When Do Policy Makers Become Concerned

When Do Policy Makers Become Concerned

Unlike the Fed-mandated party line of “transitory inflation”, which was eagerly espoused by the likes of Morgan Stanley and JPMorgan (discussed earlier), Bank of America has breached with Wall Street convention and discussing yesterday’s scorching CPI, the bank’s chief economist says that “very aggressive monetary and fiscal policy has added rocket fuel to the economic reopening” and cautions that in his view ” this is not purely temporary” adding that repeated “one time” price increases and super dovish policy promises are already raising inflation expectations.

Picking up on what we said earlier this week in “Hyperinflation Fears Are Soaring Across America” where among other things we showed the surge in google search for “inflation” (wait until this become stagflation before things get really fun)…

… Harris notes that this is starting to become apparent in both market based measures and consumer surveys.

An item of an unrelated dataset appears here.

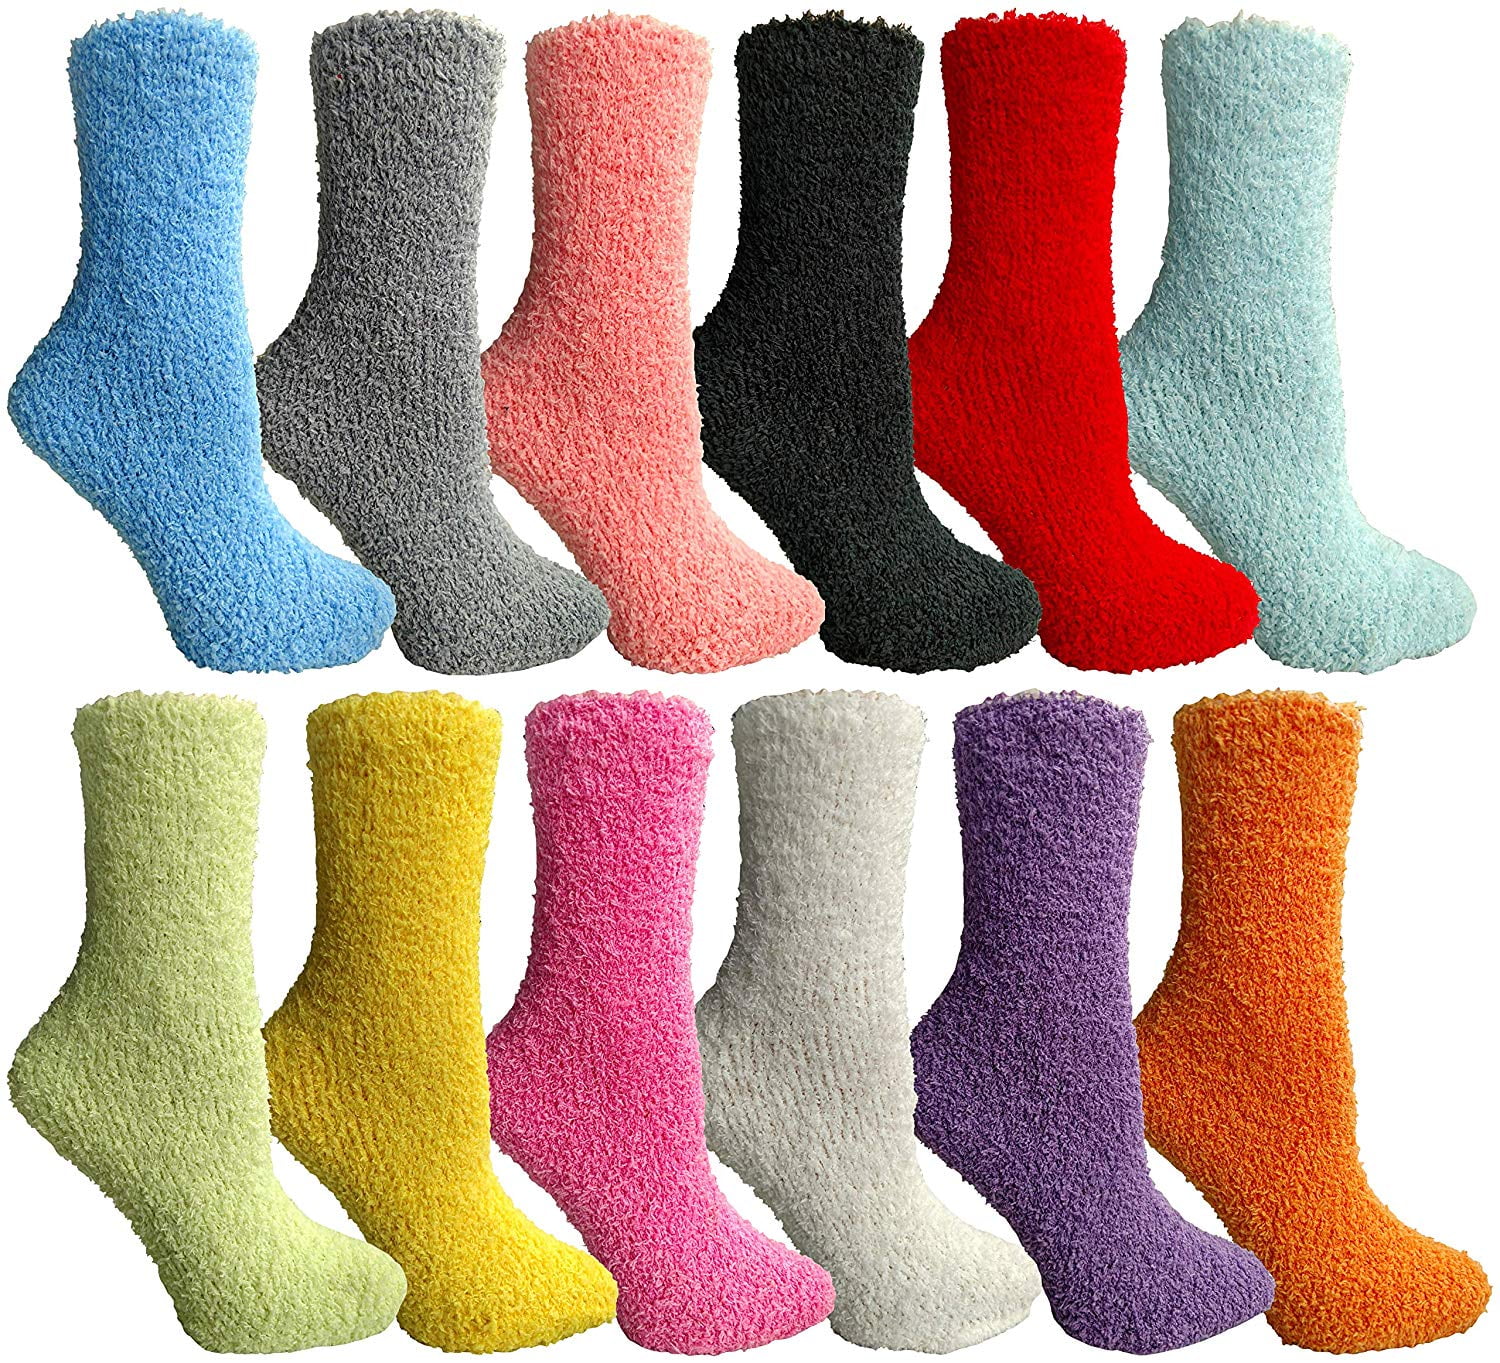 Details about   3 pair pack bed socks warm and cosy brushed for extra softness lightweight 
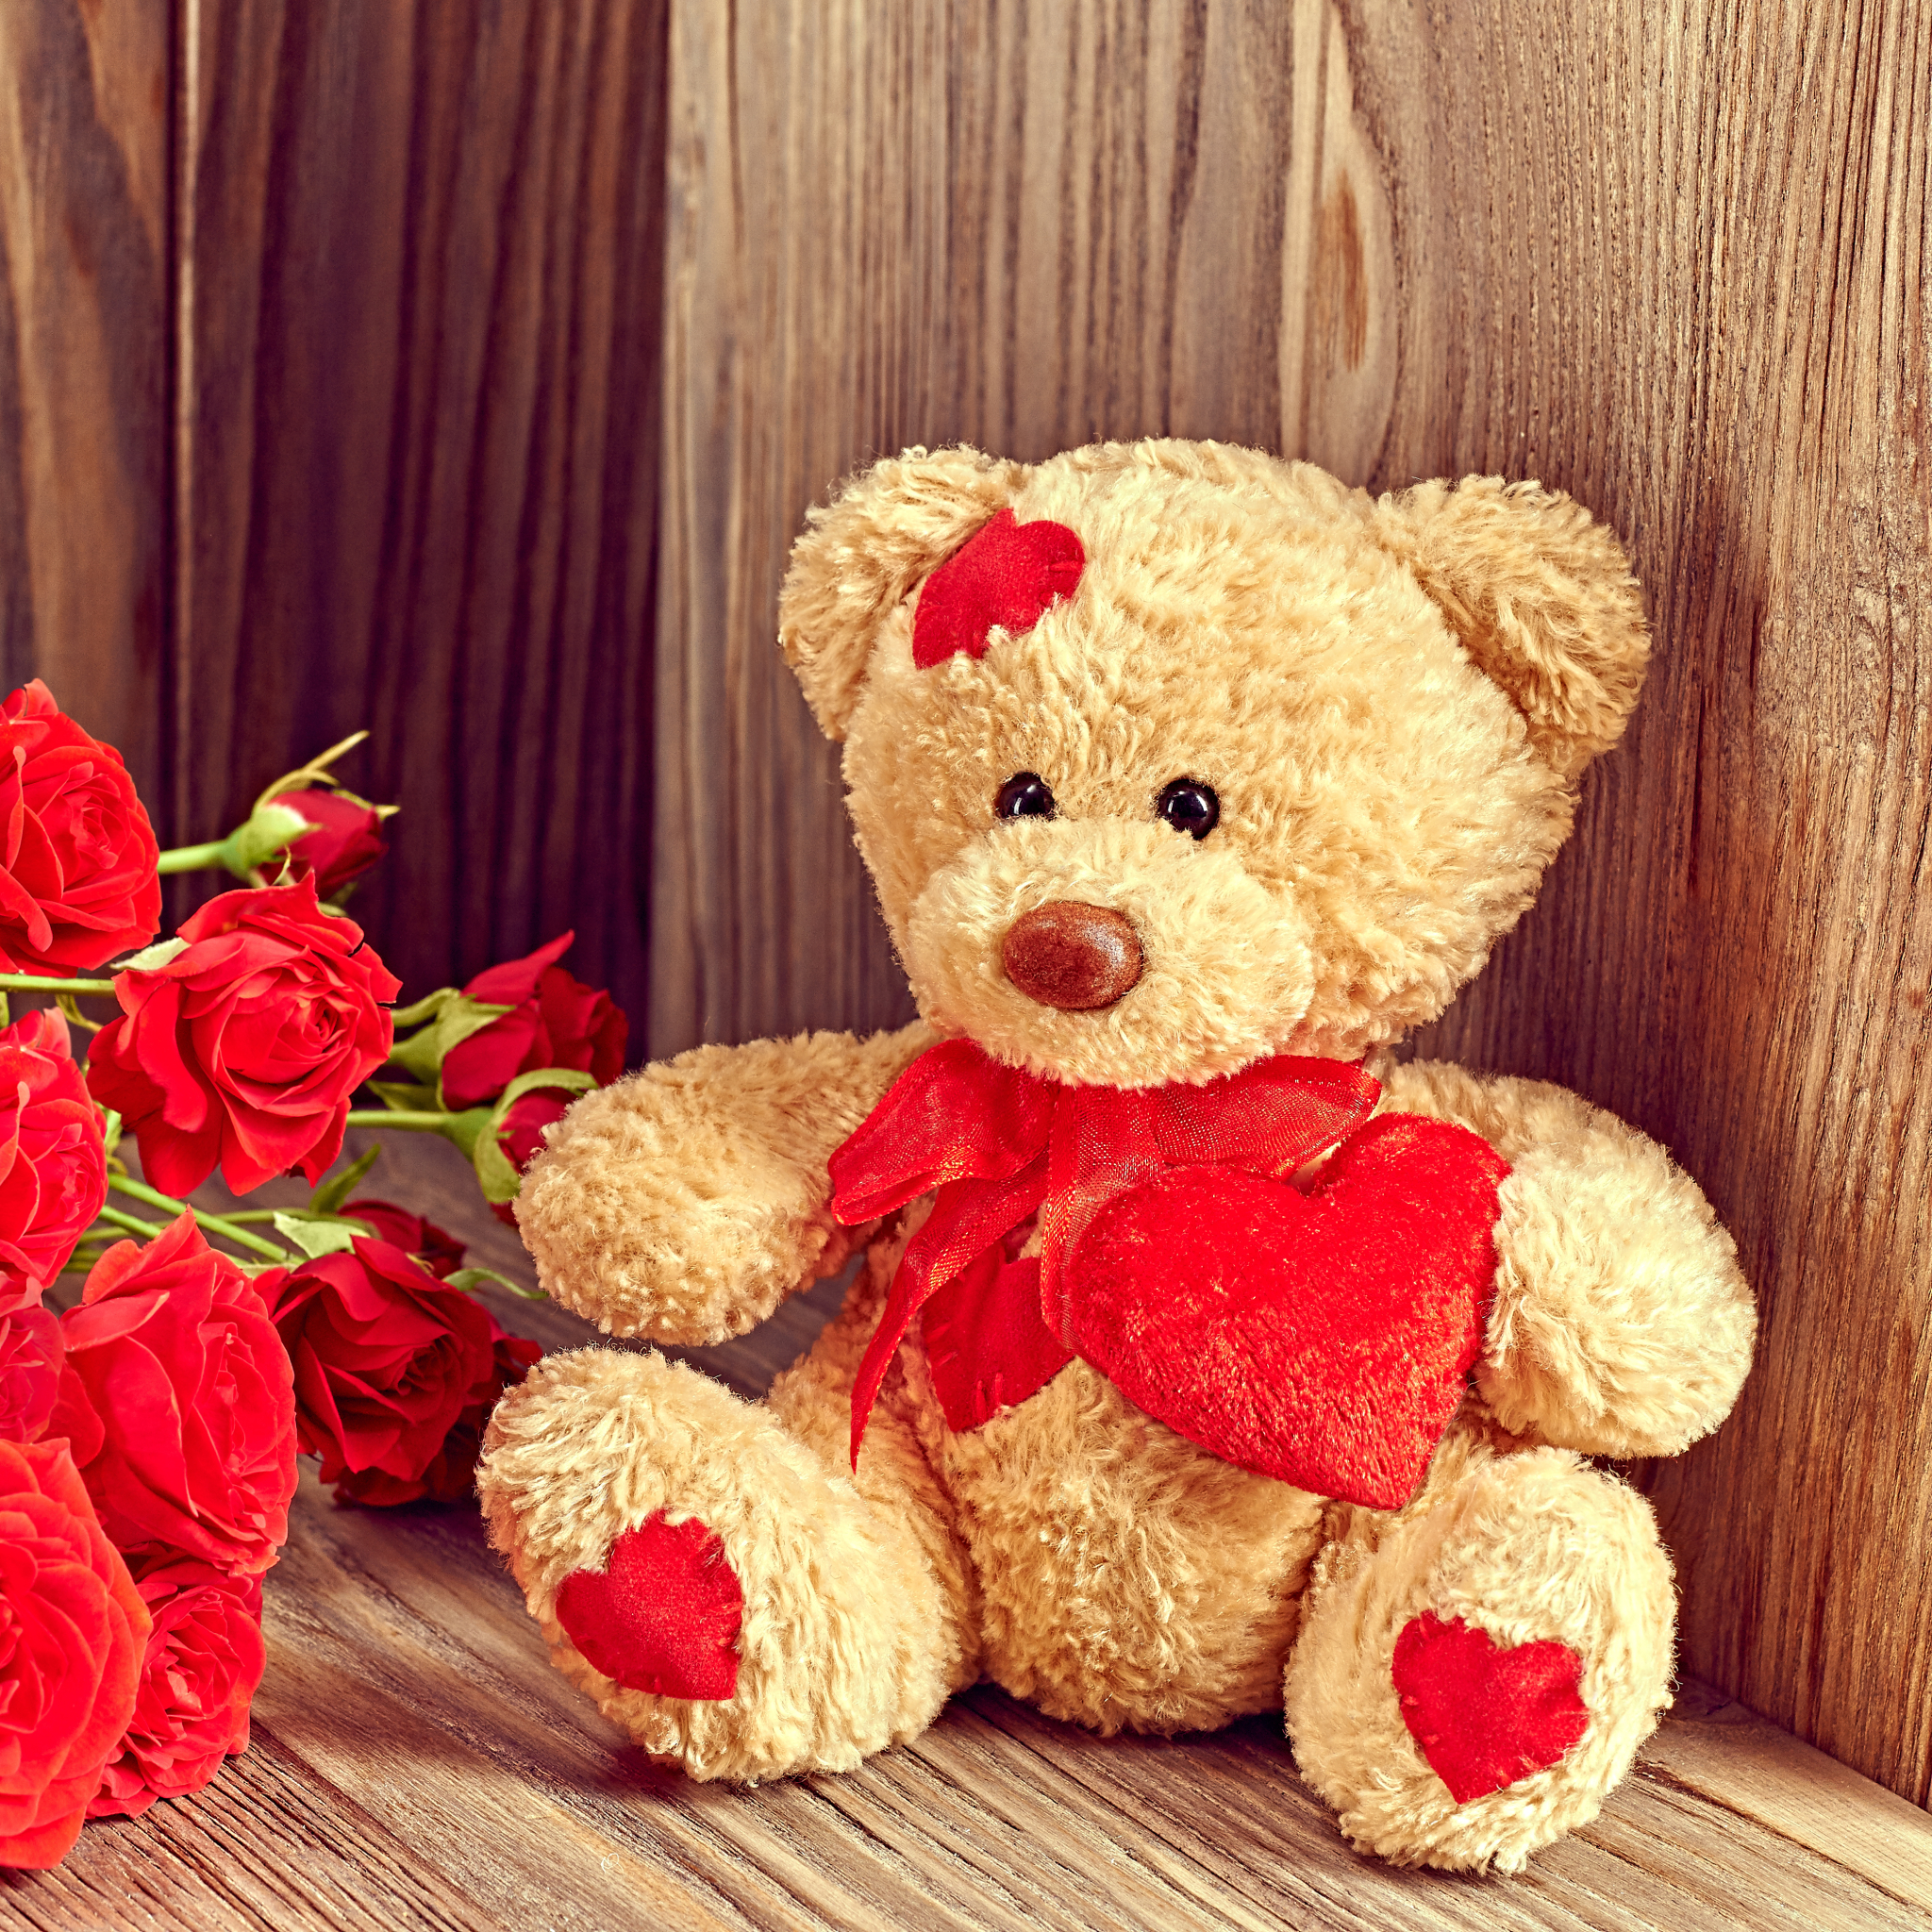 Download Teddy Bear In A Red Basket Wallpaper | Wallpapers.com

The end result according to the strategist, is that workers and firms are beginning to incorporate a “cost of living” component in their wage and price demands. That said, the hope is that shortages ease in the fall as supply catches up to demand. Reduced unemployment benefits, the reopening of schools and childcare facilities and less fear of  catching COVID on the job should accelerate the return of workers to the job market. However, Harris concludes, “with more fiscal stimulus coming and the Fed delaying its exit from zero rates, aggregate demand will remain strong and shortages could return quickly.”

So when – if ever – will policy makers become concerned?

With the Fed pledging to wait years before it starts hiking rates, can anything spoil the fun at the Marriner Eccles building even as a tide of stagflation lifts all recessionary boats? According to Harris, fiscal stimulus will continue move forward undeterred despite the recent hot data, while “the disappointing jobs number can be used to justify enacting the full budget proposals.” Meanwhile, for the moment the Fed is staying close to script. “The rise in inflation is purely temporary. Inflation expectations are a lagging indicator. And if and when inflation picks up in earnest we have the tools to deal with it.”

So while we wait, the BofA strategist recommends that investors keep a close eye on the various measures of inflation expectations. So far, the bond market appears to have accepted the Fed’s narrative, and while inflation breakevens have moved up in recent months but had muted response to yesterday’s data release, falling modestly on Thursday. Consumer surveys have also picked up, but have yet to fully reverse the drop late in the last business cycle.

Finally, BofA is keeping a close eye on the Michigan measure of inflation expectations 5 to 10 years ahead. It has risen from a low of 2.2% to 2.7% last month. We get the preliminary May number on Friday, and it may notch up another tenth. However, the real test comes later as surveys begin to reflect the press coverage around yesterday’s number and all of the signs of shortages.